A verbatim repetition of the data below is requested, without images.

===== INFORMATION PROVIDED

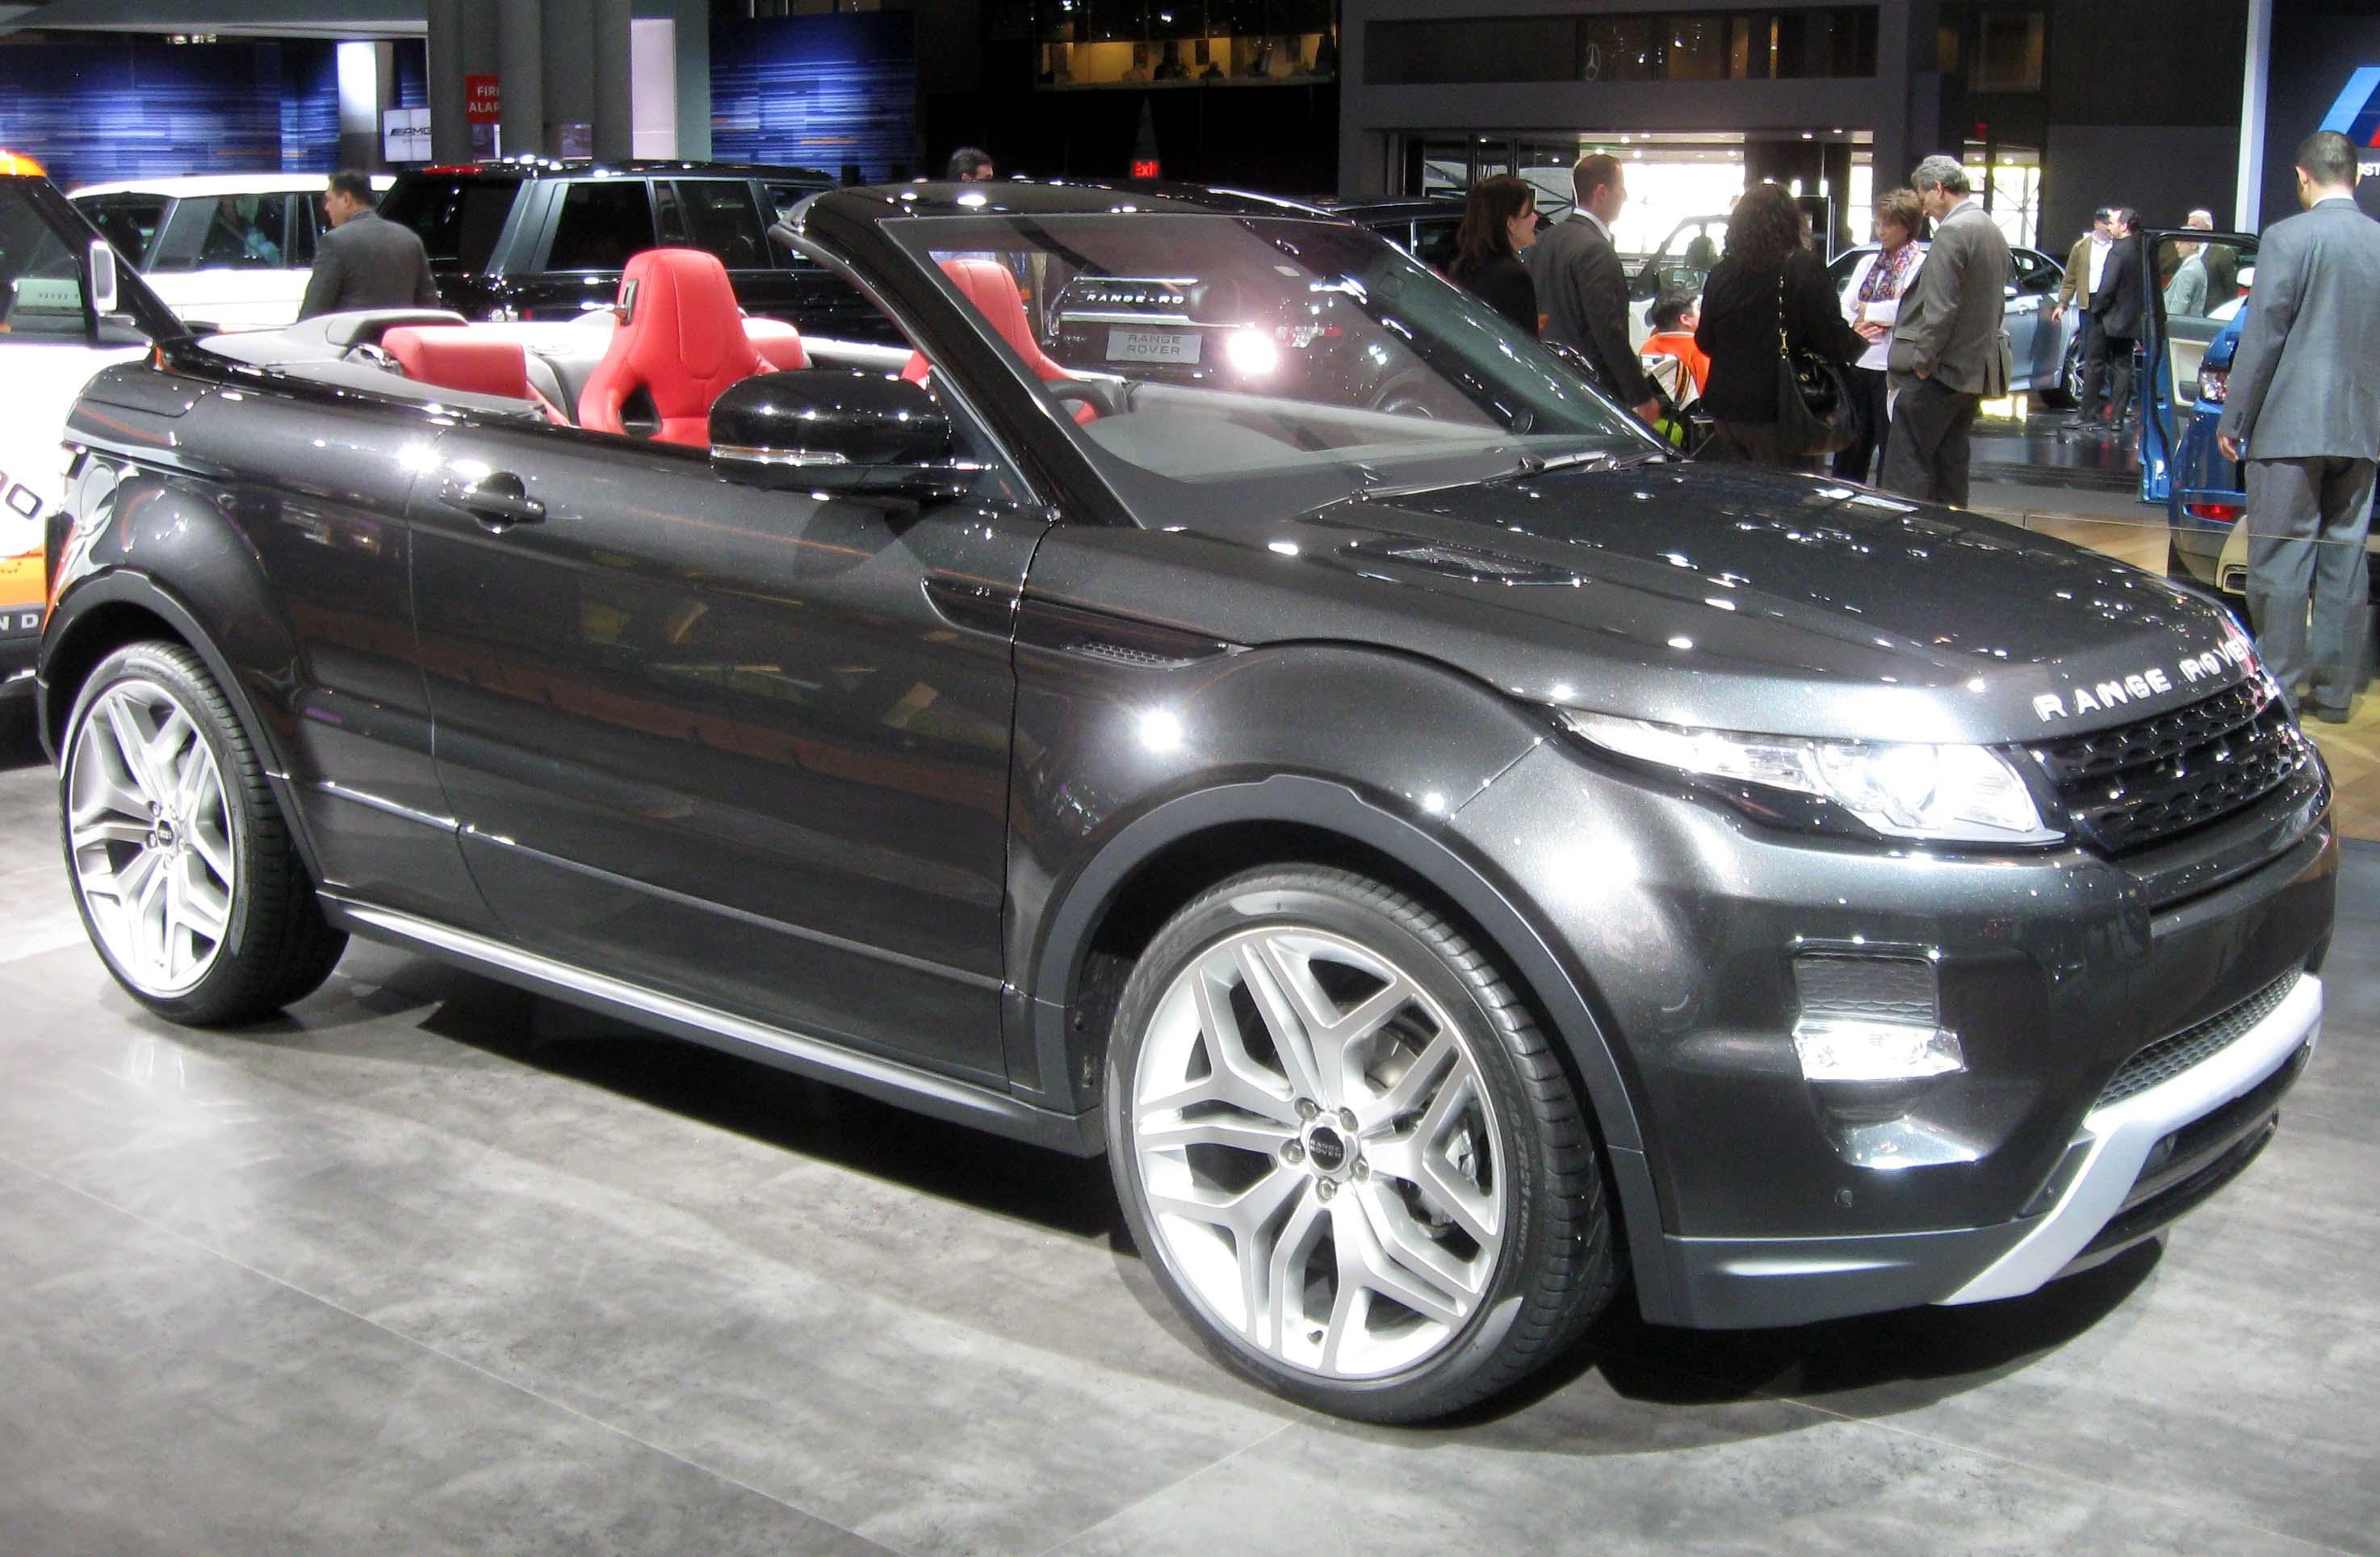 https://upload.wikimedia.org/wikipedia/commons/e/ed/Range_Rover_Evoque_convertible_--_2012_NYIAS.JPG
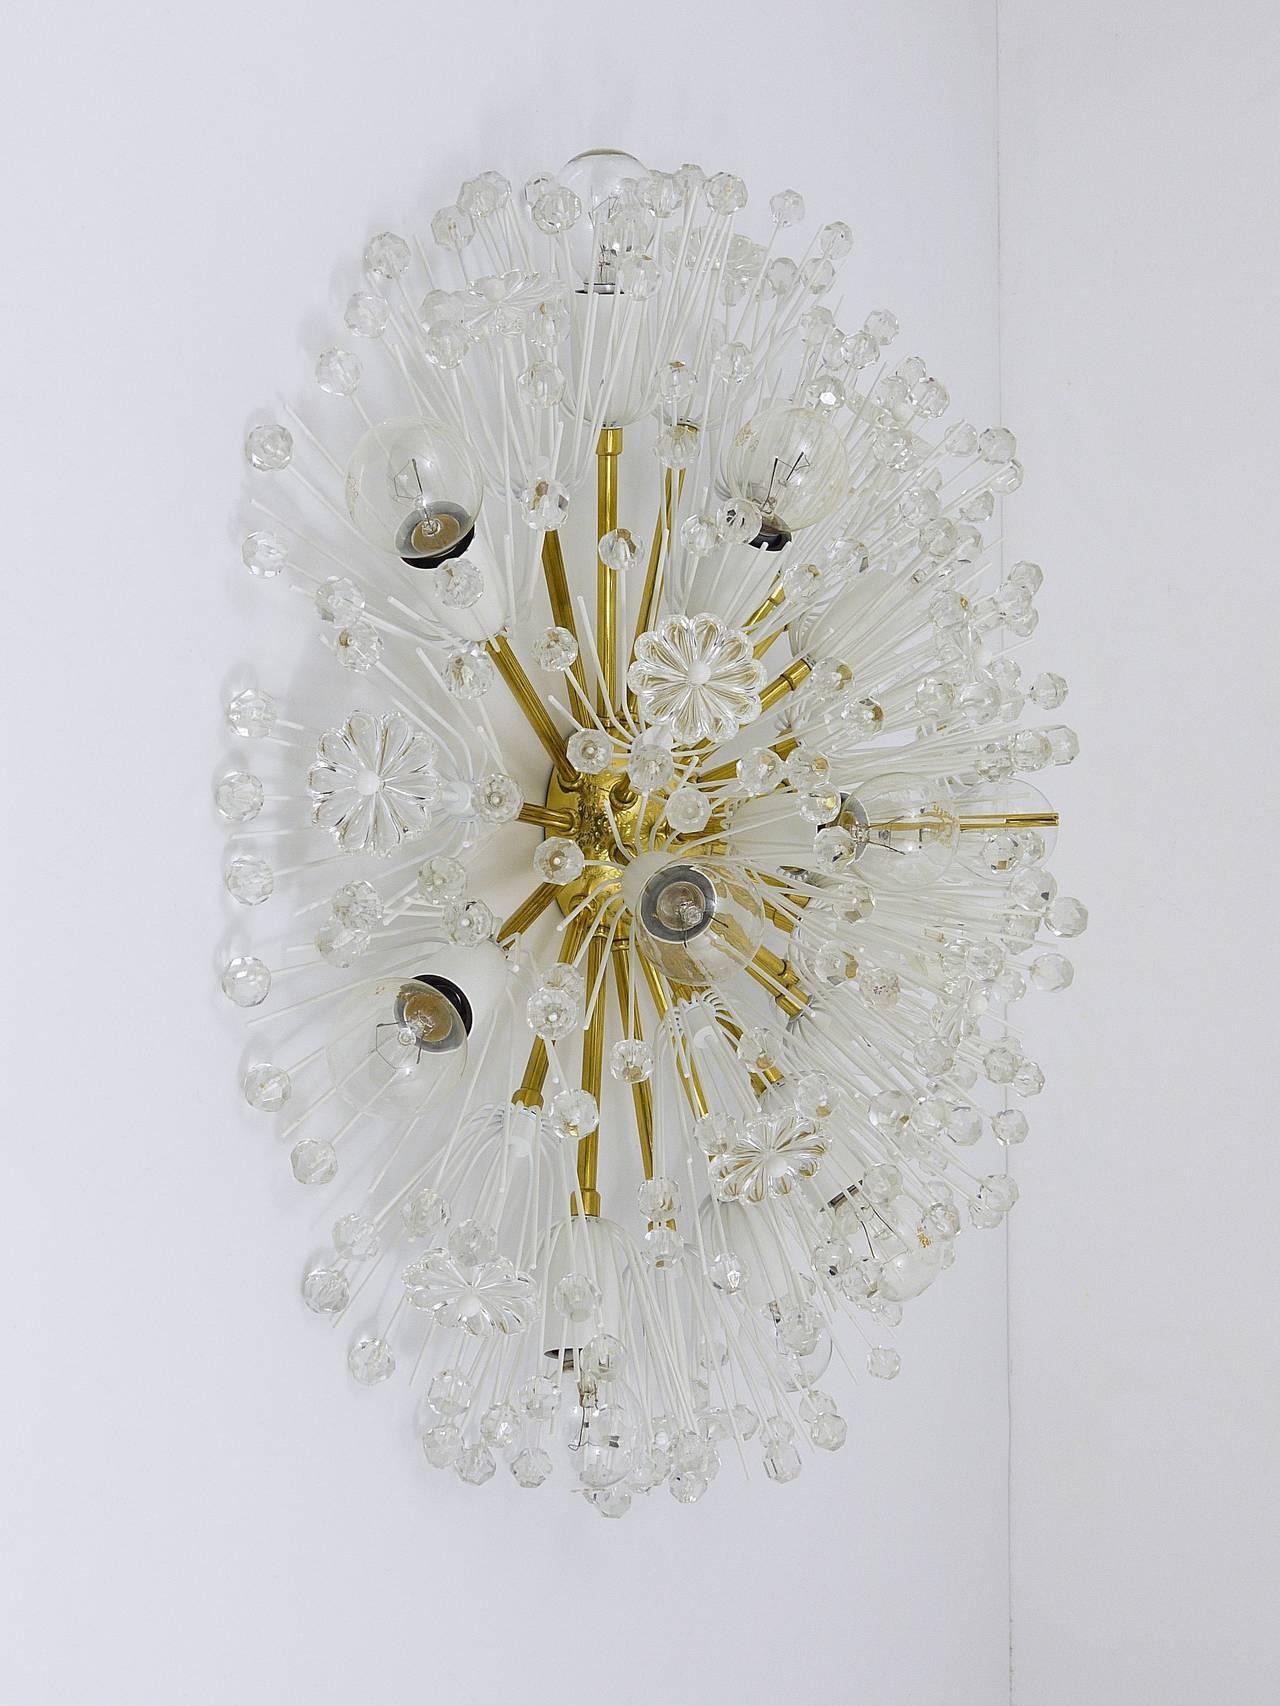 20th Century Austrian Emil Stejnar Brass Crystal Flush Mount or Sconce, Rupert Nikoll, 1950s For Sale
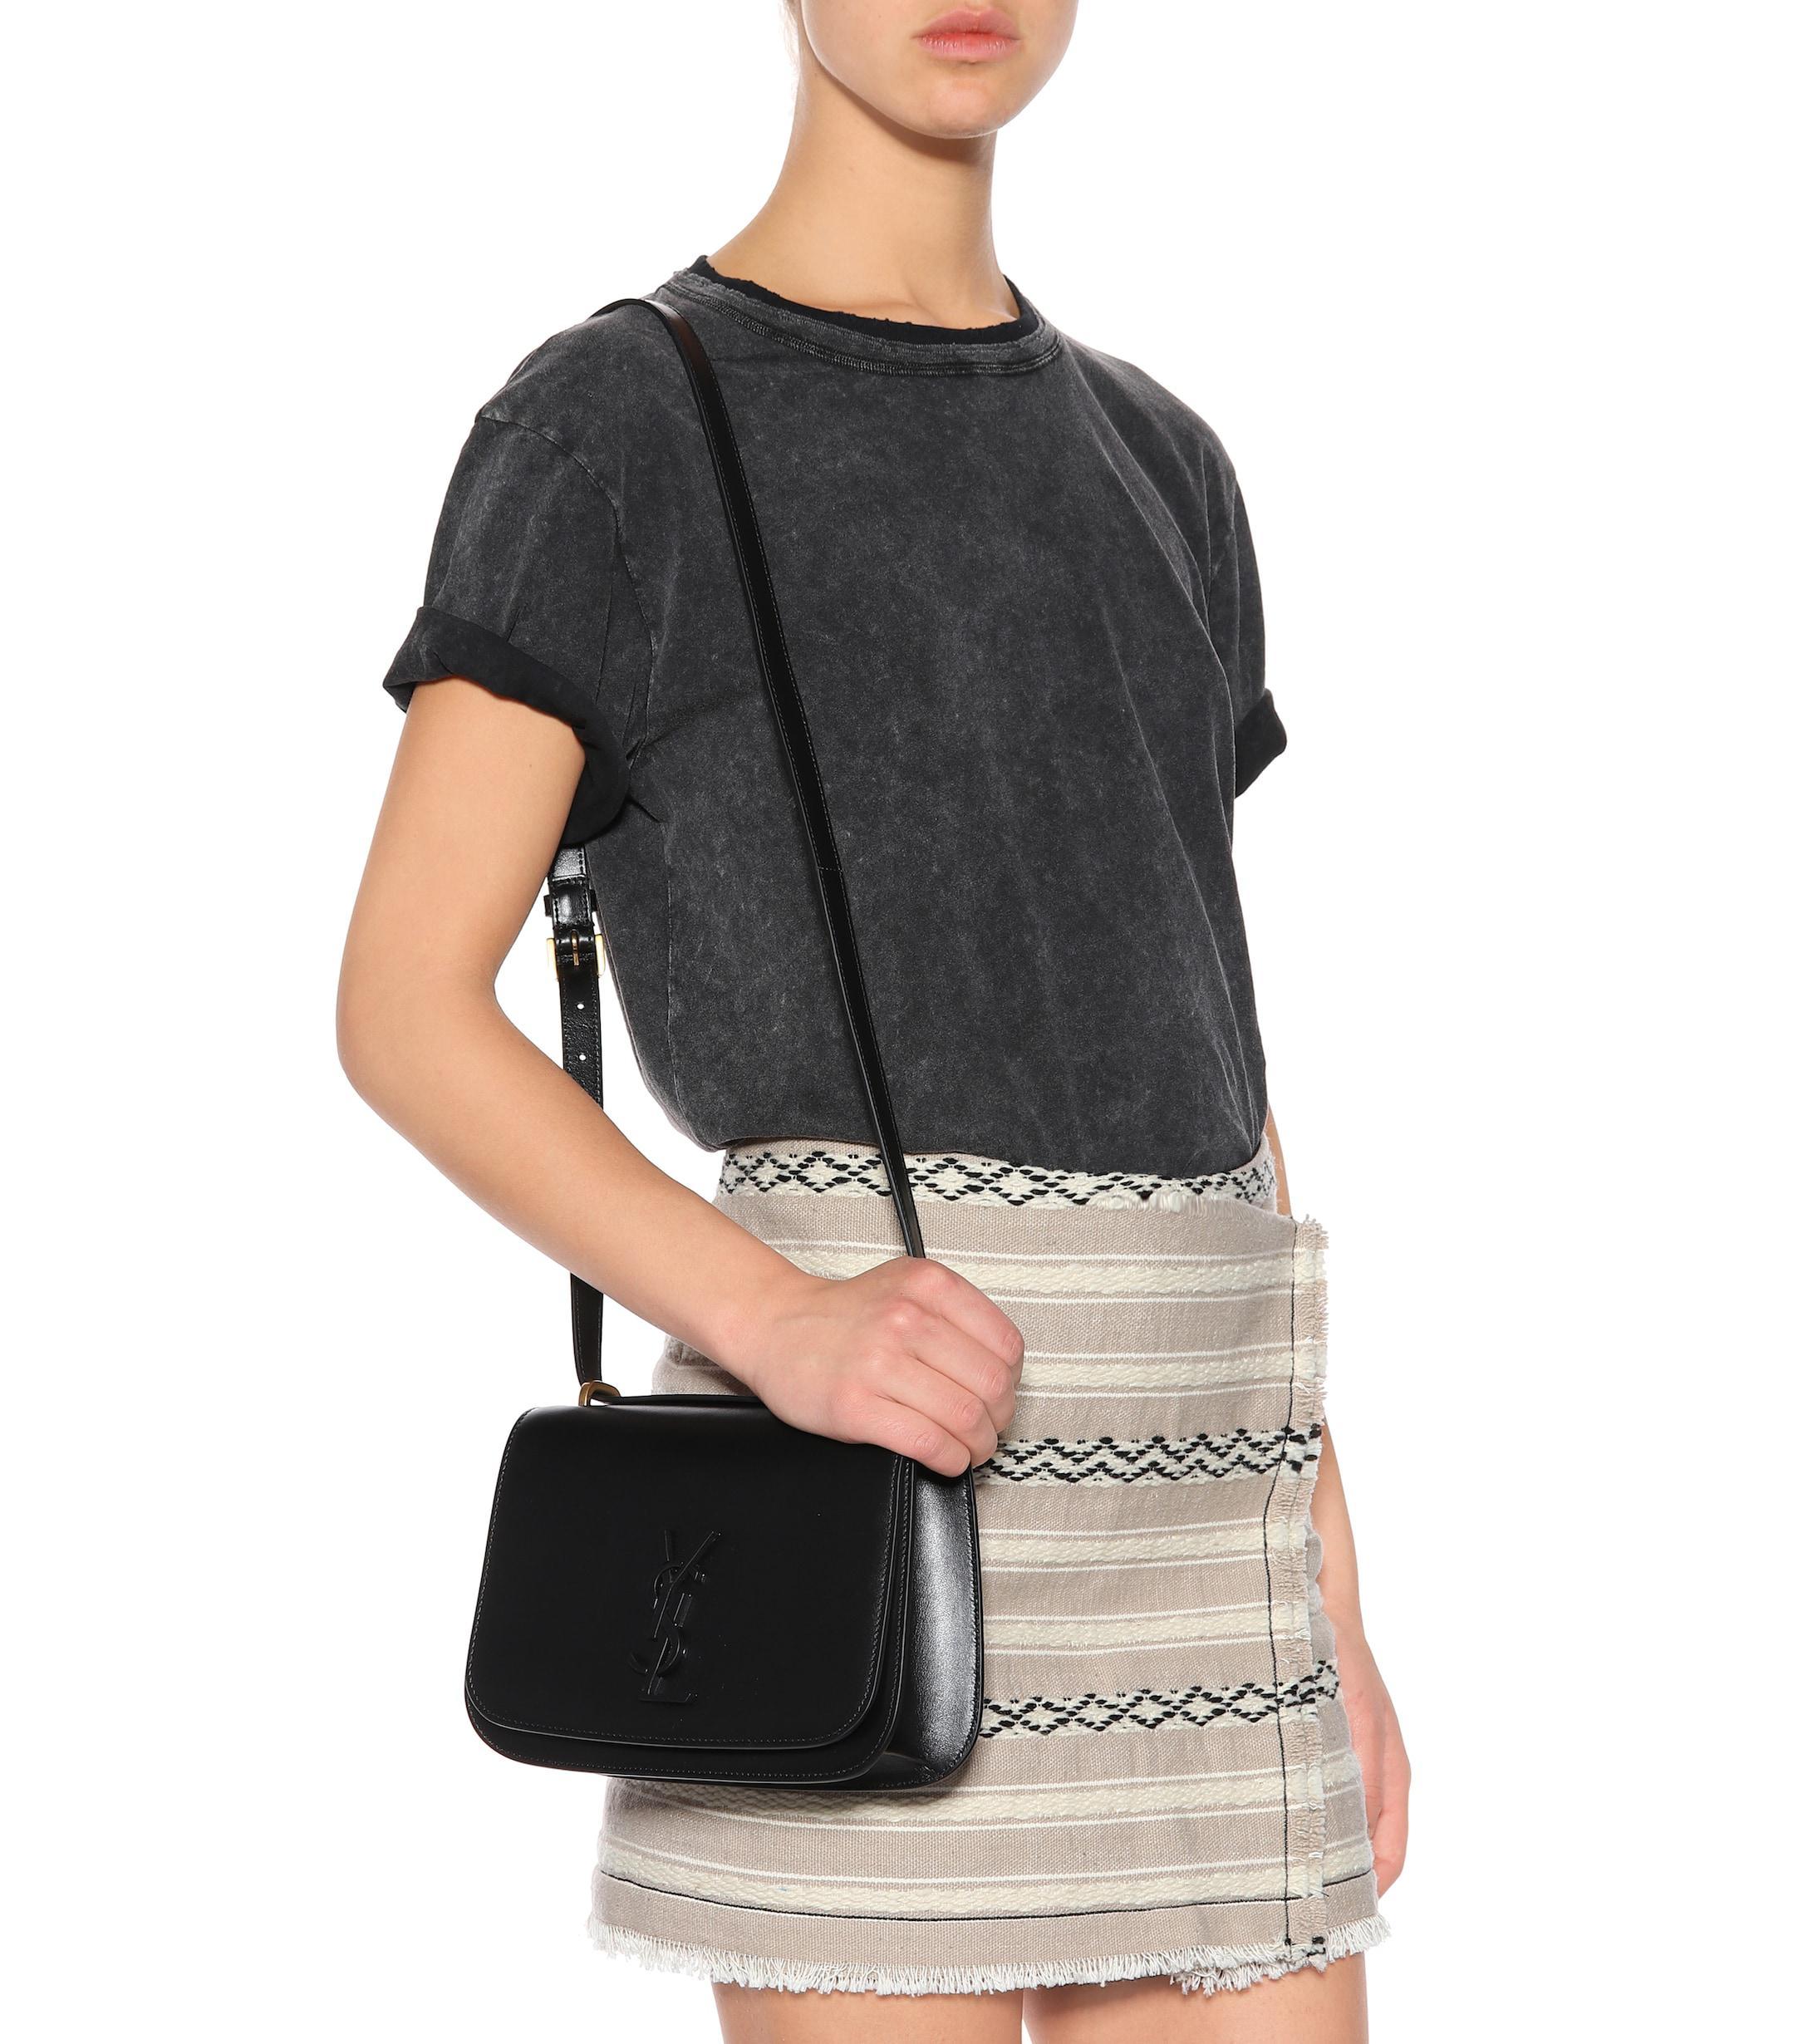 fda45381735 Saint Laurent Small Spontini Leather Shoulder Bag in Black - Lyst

==========

**SOLVED PROBLEM:**
 https://upload.wikimedia.org/wikipedia/commons/e/ed/Range_Rover_Evoque_convertible_--_2012_NYIAS.JPG
 20th Century Austrian Emil Stejnar Brass Crystal Flush Mount or Sconce, Rupert Nikoll, 1950s For Sale
 fda45381735 Saint Laurent Small Spontini Leather Shoulder Bag in Black - Lyst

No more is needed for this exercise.